Palestinians’ Hopes Hang on Transformation of the World, Themselves - By Hazem Saghieh, Asharq Al-Awsat

 

 

It would not be an overstatement to say that the “deal of the century” is recognition of Israel as a forerunner in cruelty. For this world, as it seems today, merely imitates and continues to imitate Israel, and has succeeded, to a large extent, at following in its footsteps. In this sense, Tel Aviv’s successes are not dissonant: they are, unfortunately, the face of a tide rising across the world.
 
So long as America has a decisive impact on drawing the picture of world, its mounting bias in favor of Israel since Eisenhower was in power, is not marginal. With Donald Trump, this bias reaches total compatibility. However, globally, it is not a simple thing for Israel to combine brotherhood with America, friendship with Russia, mutual openness with China and India, and the limitation of the damage to its relationship with Europe, not to mention the progress, some of it major, being made in Africa, Asia, and Latin America.
 
Nevertheless, the issue is not one of political and diplomatic relationships. It’s deeper than that. To a large extent, the state of our world is what explains the above described diplomatic and political relationships. For when the world puts its stakes behind the Jewish state against justice for Palestine, it recognizes its preference for its example, its fundamental nature of withholding rights. The student, in this sense, is telling his teacher: I have become like you.
 
Let's, for a moment, survey briefly some of the prominent signs of cruelty in our times: nationalist-centered populism in most parts of the world. Islamophobia cuts across nations, regimes and ideologies (in addition to an expansion of anti-Semitism).
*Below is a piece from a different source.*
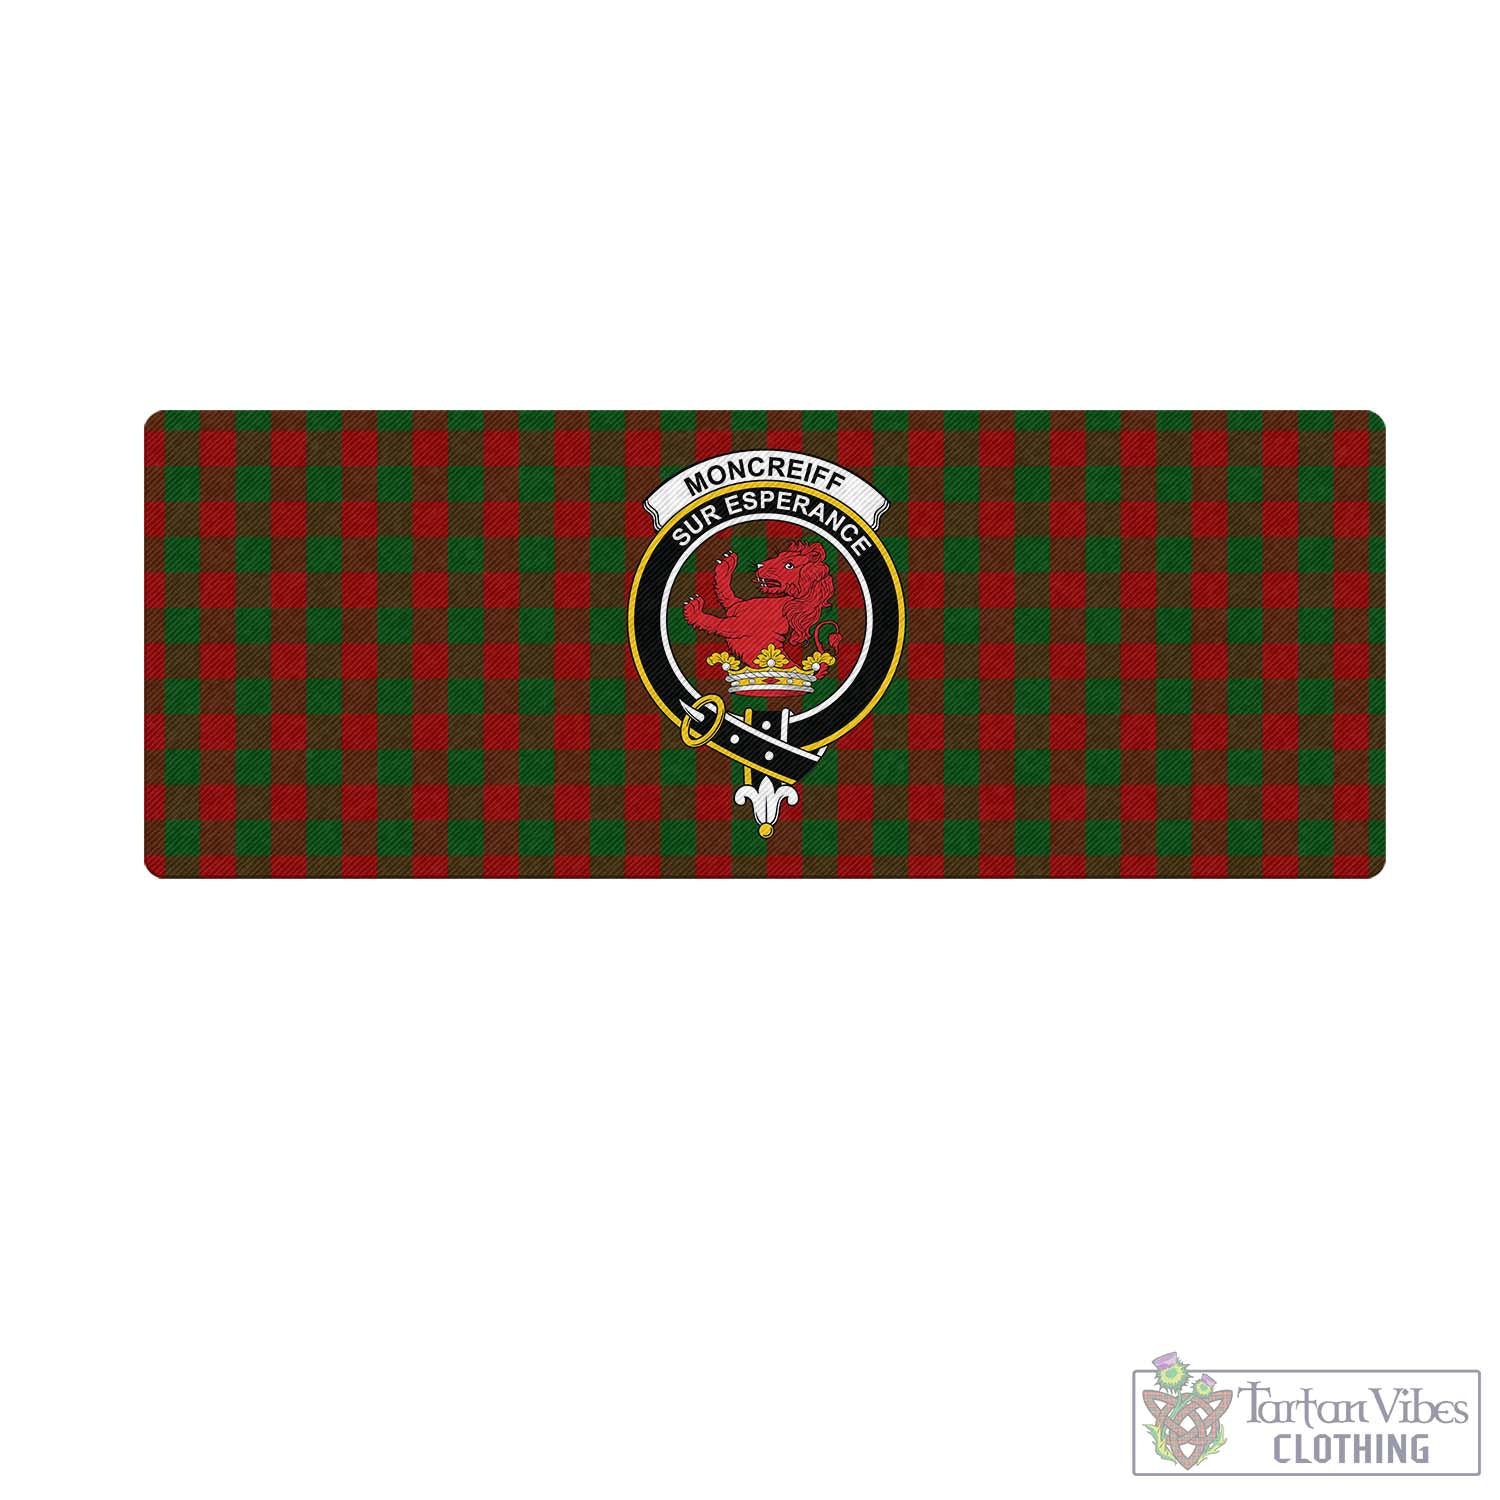 Tartan Vibes Clothing Moncrieff Tartan Mouse Pad with Family Crest
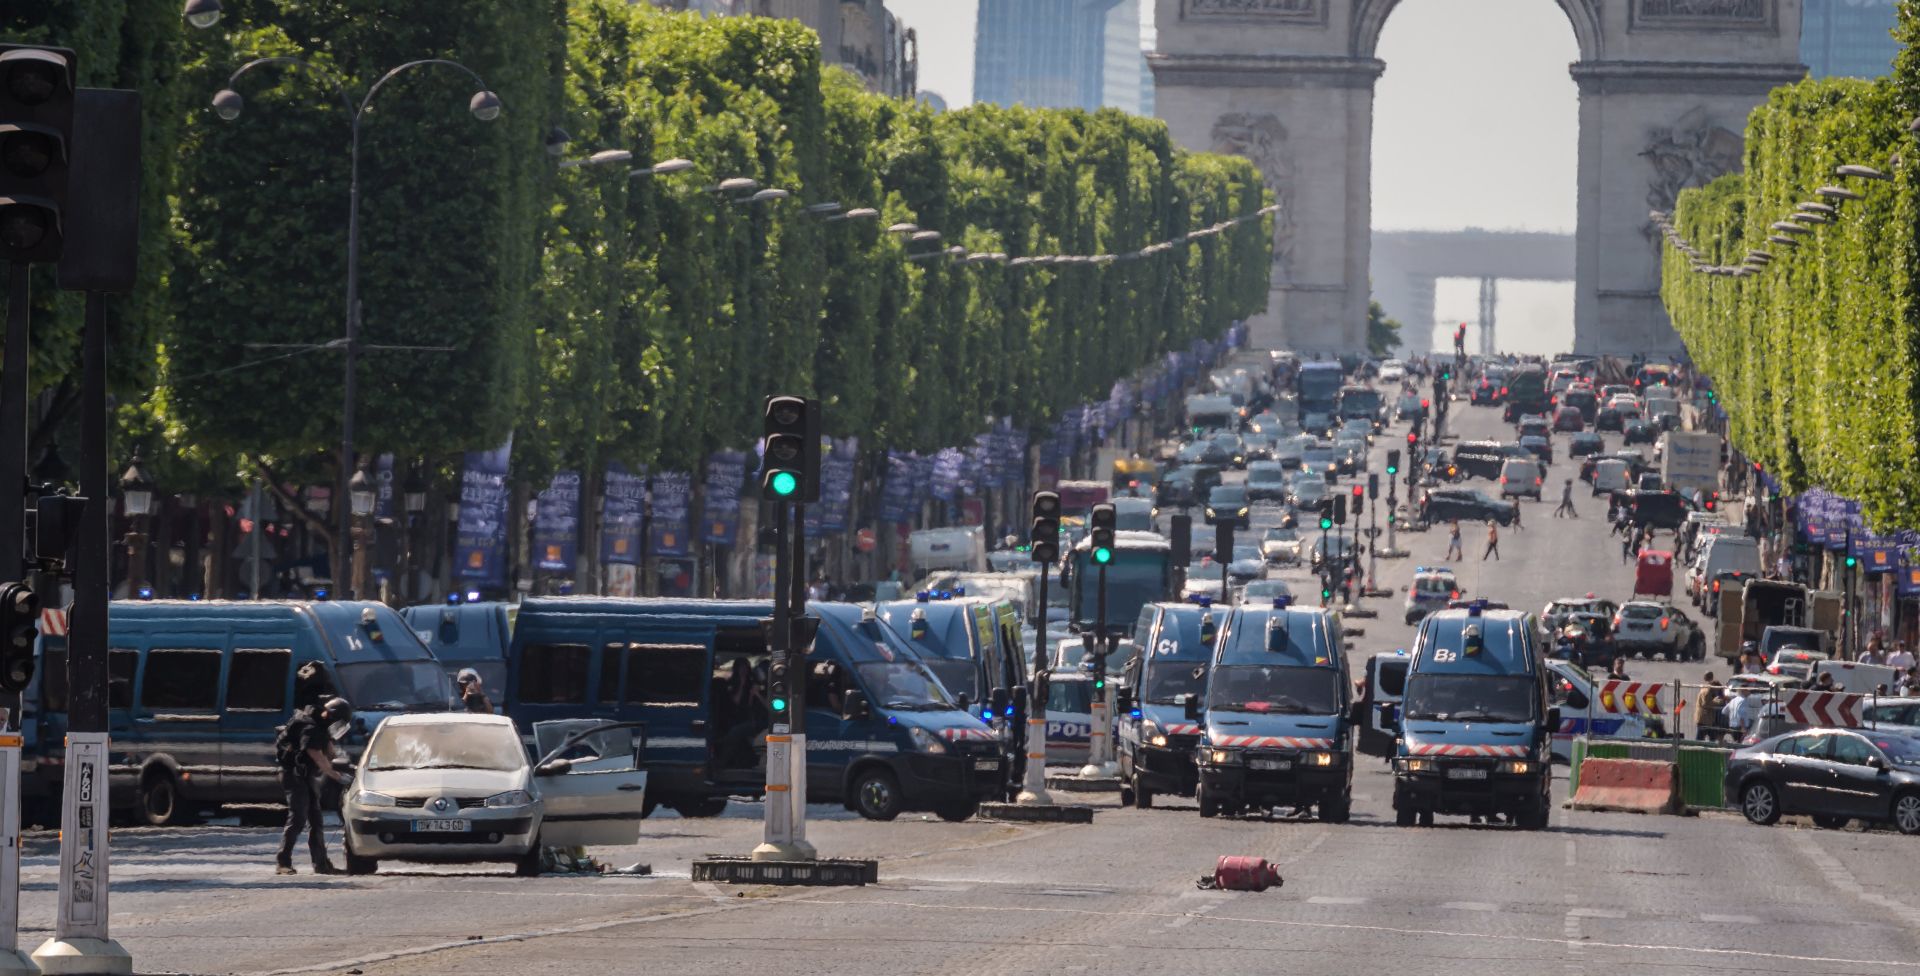 epa06037441 A police operation is under way on the Champs Elysees avenue after a car collided a with a police vehicle in Paris, France, 19 June 2017. According to latest reports, the driver allegedly drove to the police vehicle intentionally.  EPA/CHRISTOPHE PETIT TESSON

Collective expulsions of populations and “Guantanamist” exceptions are increasing. Politics has become condensed to war against terrorism that takes the good for the crimes of the bad.
 
Even states themselves are faced with a tough test: during the Cold War, the unity of weak states was protected by global polarization, which guaranteed their continuity, while they desperately need now to prove that they are worthy of survival. A country like Syria (which once was home to 25 million people) became, in the midst of the “survival of the fittest” uproar, an Iranian- Turkish- Russian- Israeli battleground, turning it into a wasteland. Bashar Al-Assad was the tool for implementing this transformation.
 
Within the democratic world, there is a growing openness to far-right parties, in Italy and Austria for example. Even in Germany, we find, in the small state of Thuringia, a dangerous precedent: the Christian Democrats stood alongside the 'Alternative for Germany' against Angela Merkel’s wishes. As for the countries of Middle and Eastern Europe, which witnessed revolutions that defeated the Soviet empire, their situation, with regard to nationalism, populism, and migrants is much worse.
 
It is true that globalized humanitarian sensitivity is growing in the big cities of advanced countries, especially among the youths. However, it is also true that this sensitivity expresses itself mostly through repulsion of horrific scenes and changing the TV channel so as not to see it. It is the behavior of the homo ludicus more than of those who to change the world. Is it not remarkable, for example, that we have not witnessed a popular or militant movement against nuclear armament similar to the one which took place during the Cold War, or similar to half of it, or even a quarter of it?
 
In contrast, we have the terrifying implications of what Myanmar witnessed, as its significance surpasses the borders of that Asian country: Aung San Suu, who had been the shining star of democracy, human rights and resistance to dictatorship and militarism, herself became the defender of the genocidal campaign launched by the military against the Muslim Rohingya, 750 thousand of whom fled the country. The rationale behind this was that democracy itself became nationalistic: it is a privilege for us and not a right for others.
 
Is there not something of an Israeli precedent to all of this? Let us just remember a few headlines: the uprooting of 'natives', discrimination against citizens, Netanyahu’s populist leadership… Even a former prime minister like Ehud Olmert, who spent more than half of his political life with Likud, is now warning against Israel’s transformation into an apartheid state.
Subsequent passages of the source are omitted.